------ ENTRIES SUPPLIED
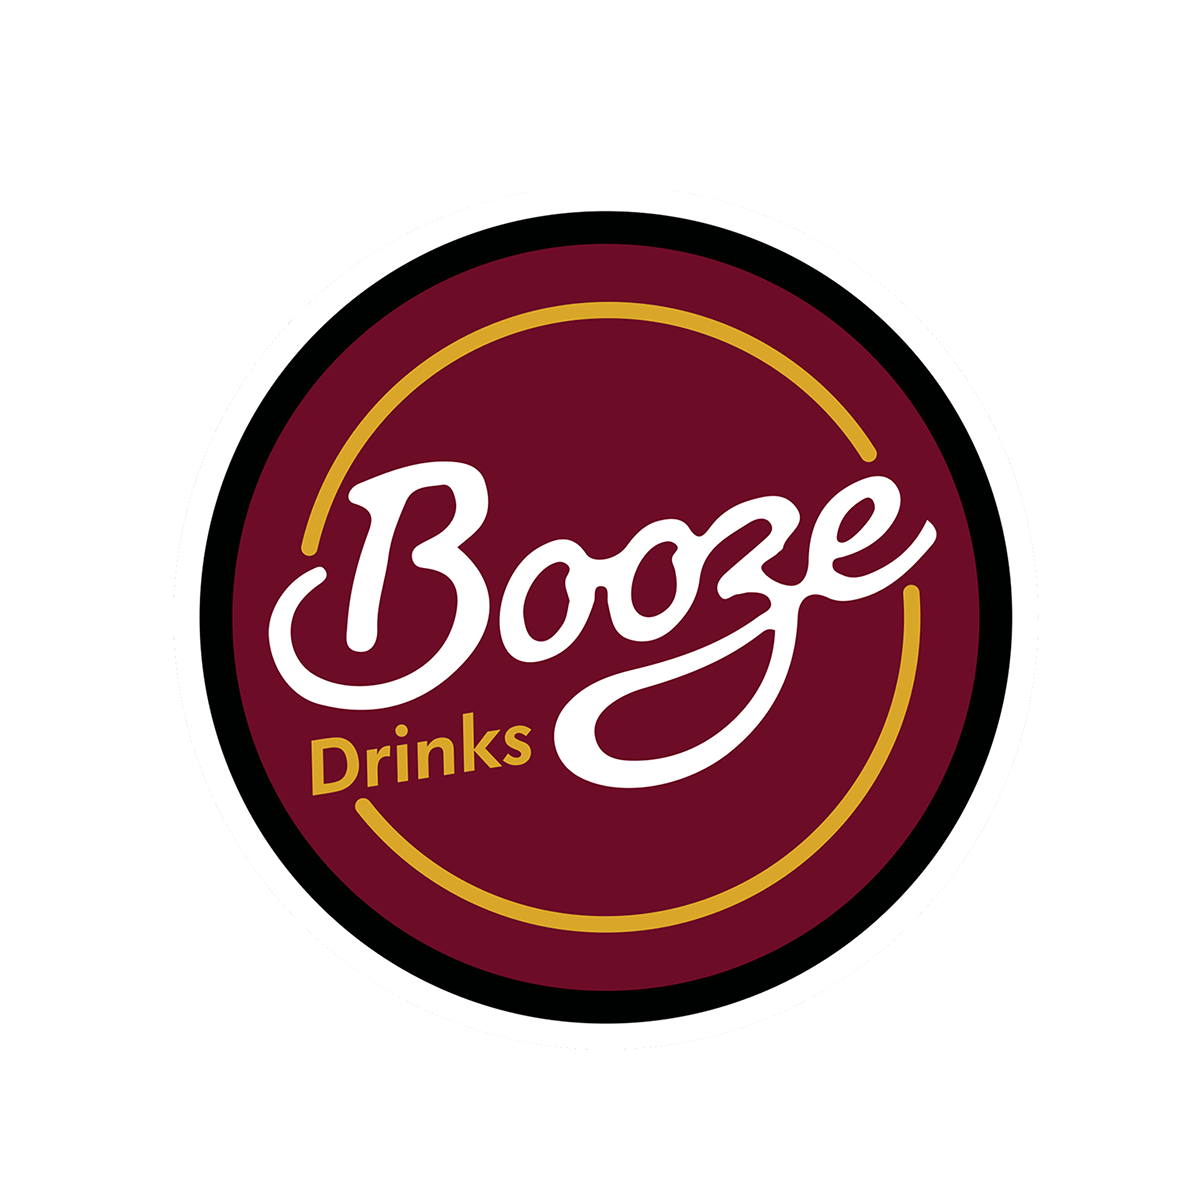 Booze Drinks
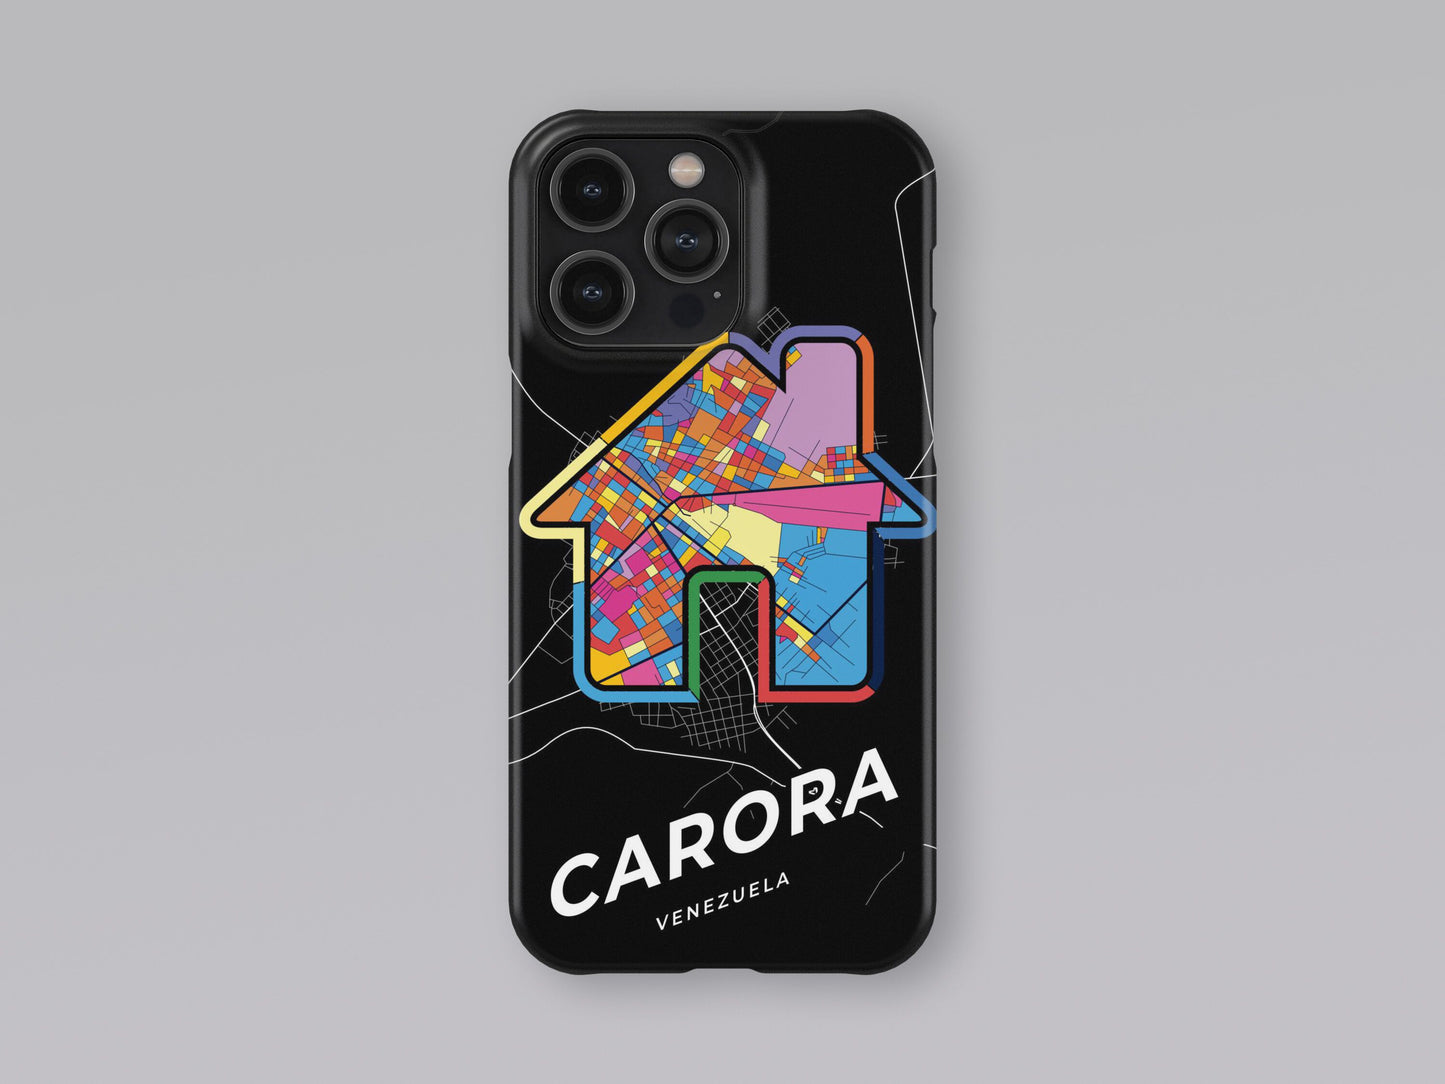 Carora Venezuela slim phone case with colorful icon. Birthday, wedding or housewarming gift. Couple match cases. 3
------------
------ ENTRIES SUPPLIED
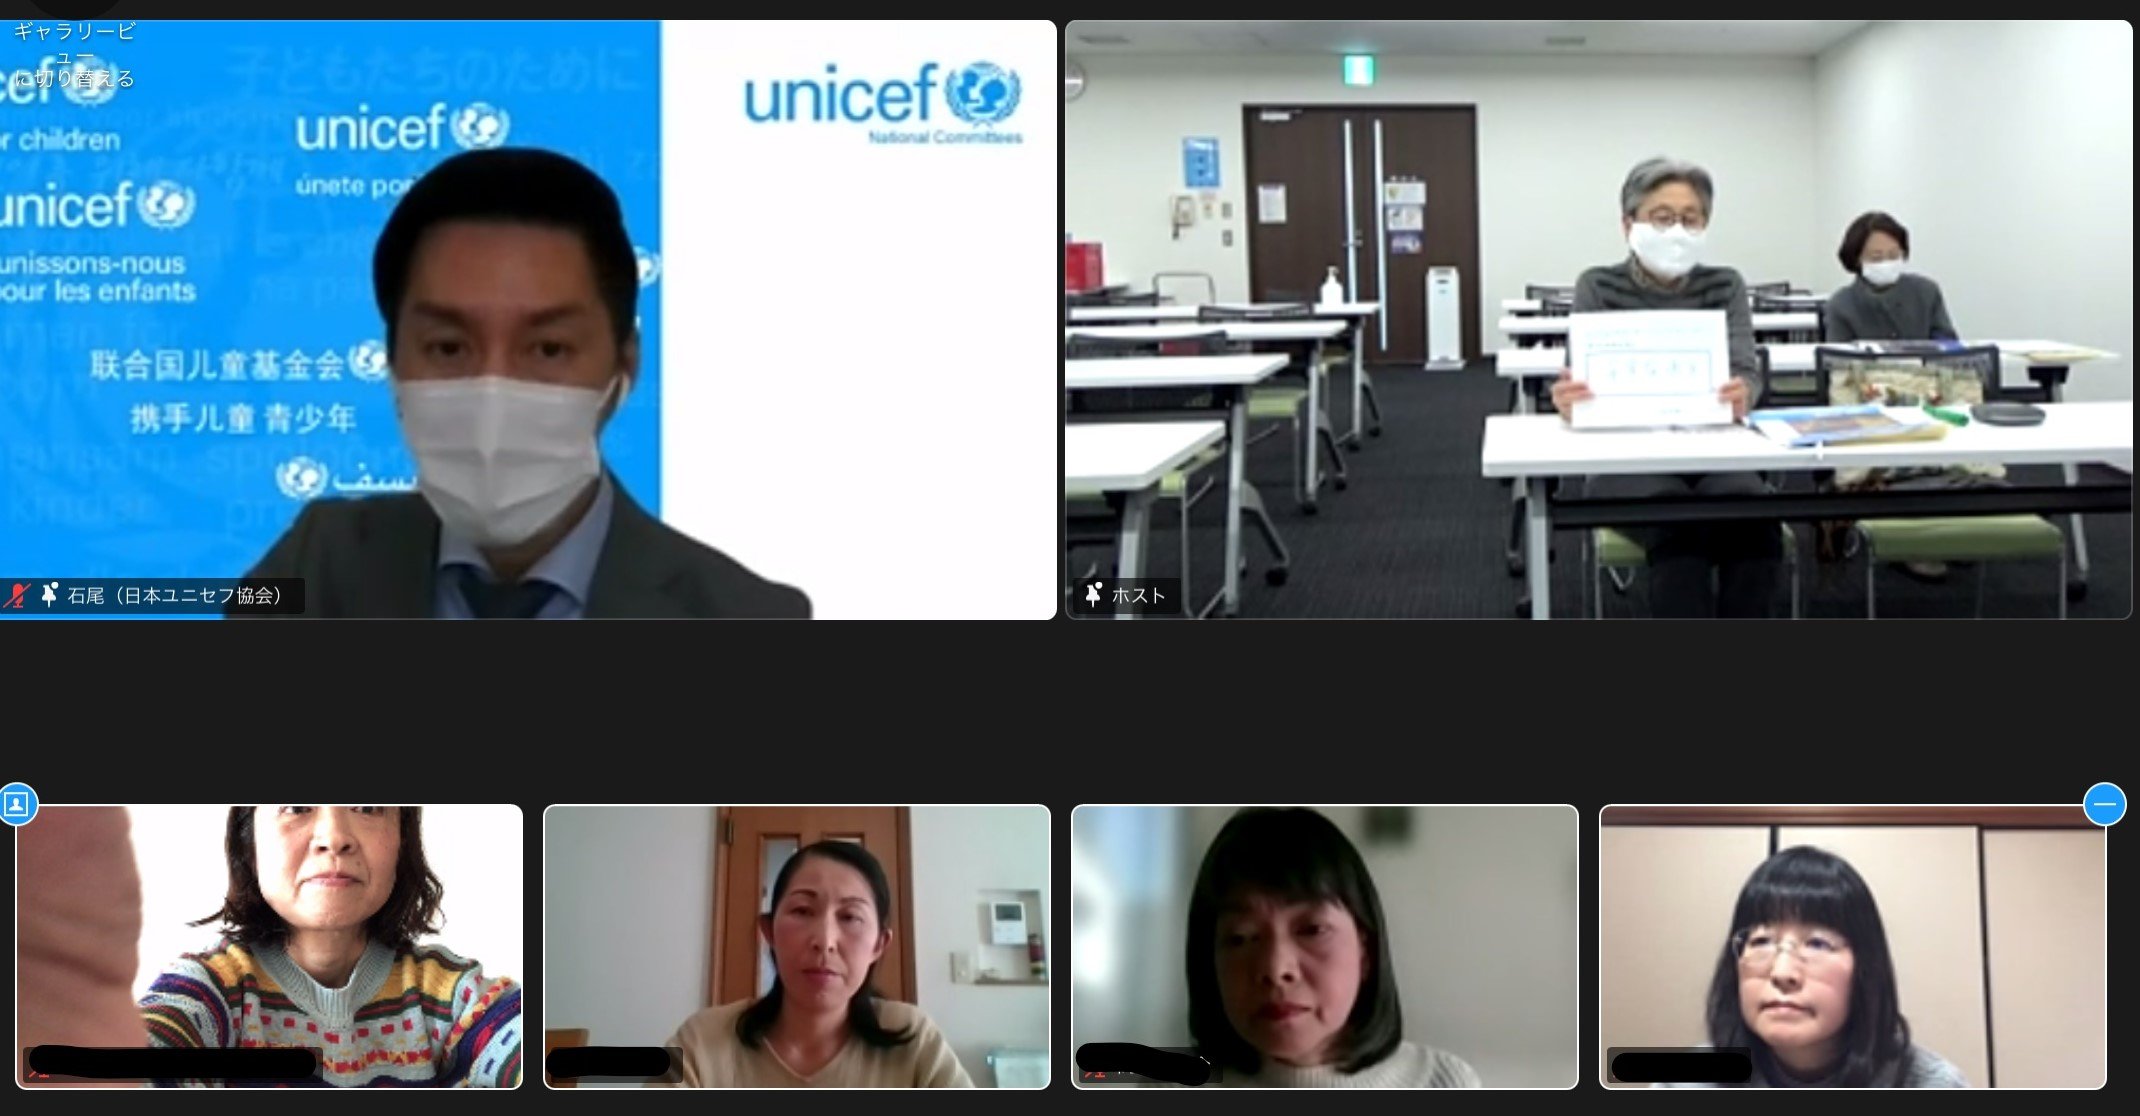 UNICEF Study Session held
------------
------ ENTRIES SUPPLIED
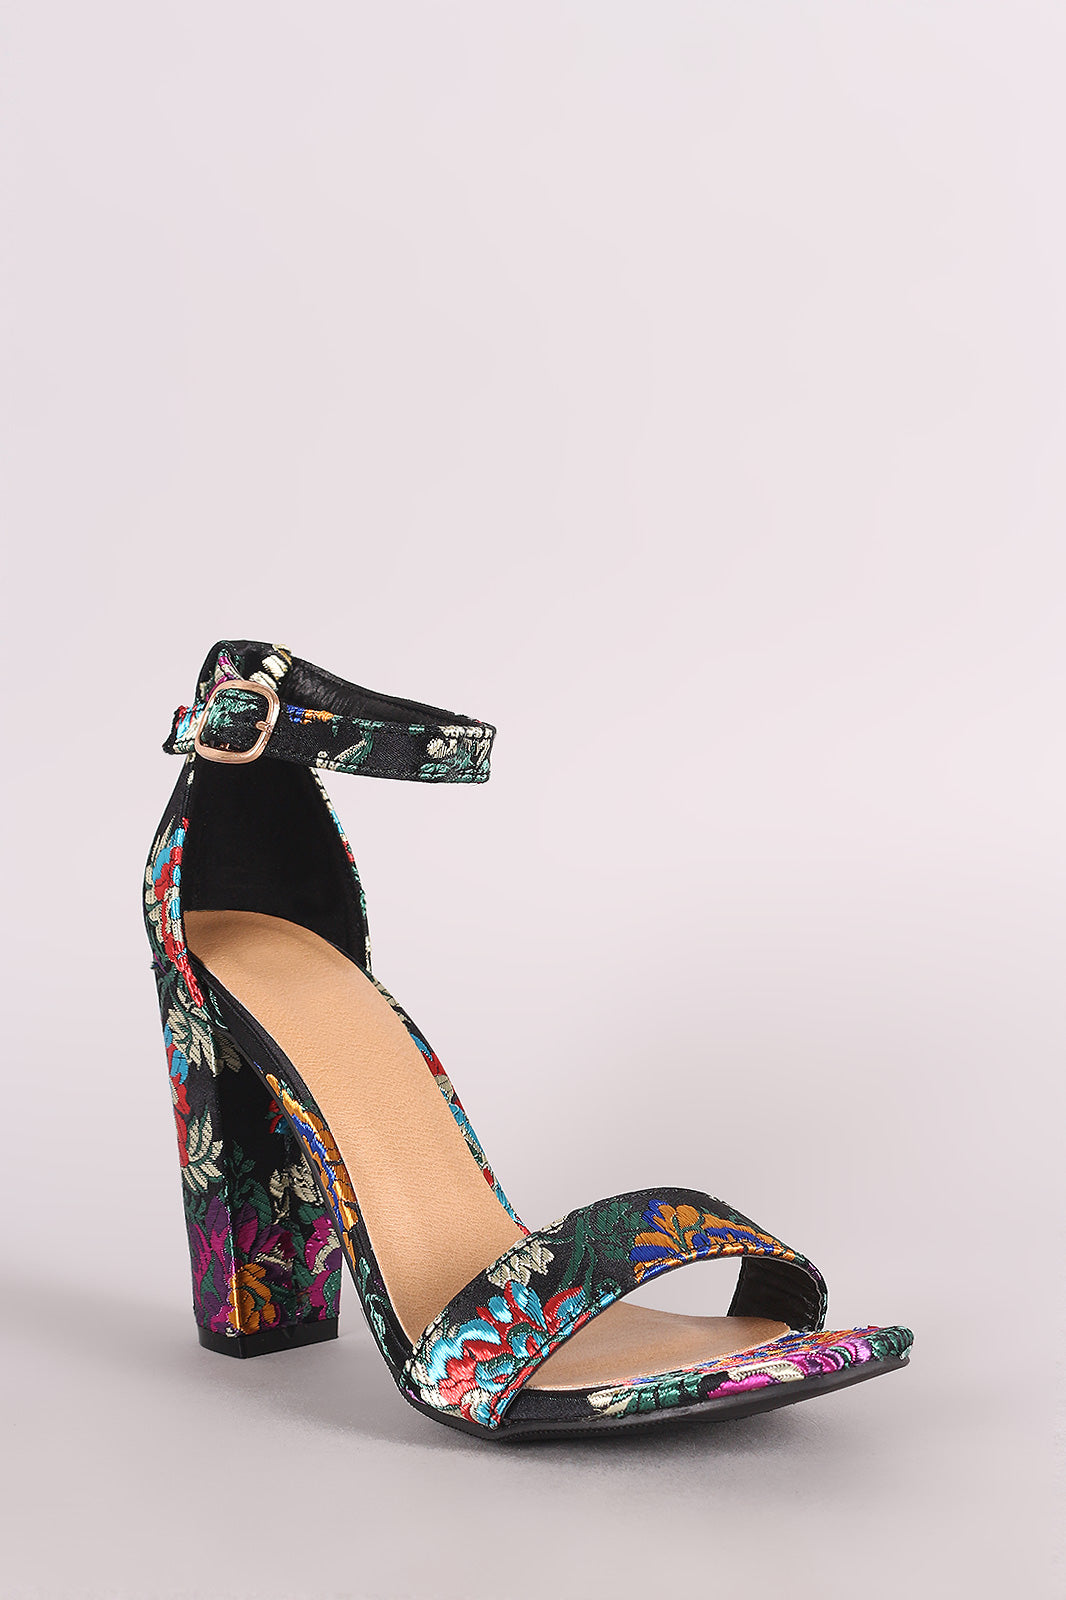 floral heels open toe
------------
Quote the lines above exactly, starting with the one that has "Booze Drinks" and ending with the one that has "Carora Venezuela slim"; drop the pictures and include nothing else.

 Booze Drinks
 Carora Venezuela slim phone case with colorful icon. Birthday, wedding or housewarming gift. Couple match cases. 3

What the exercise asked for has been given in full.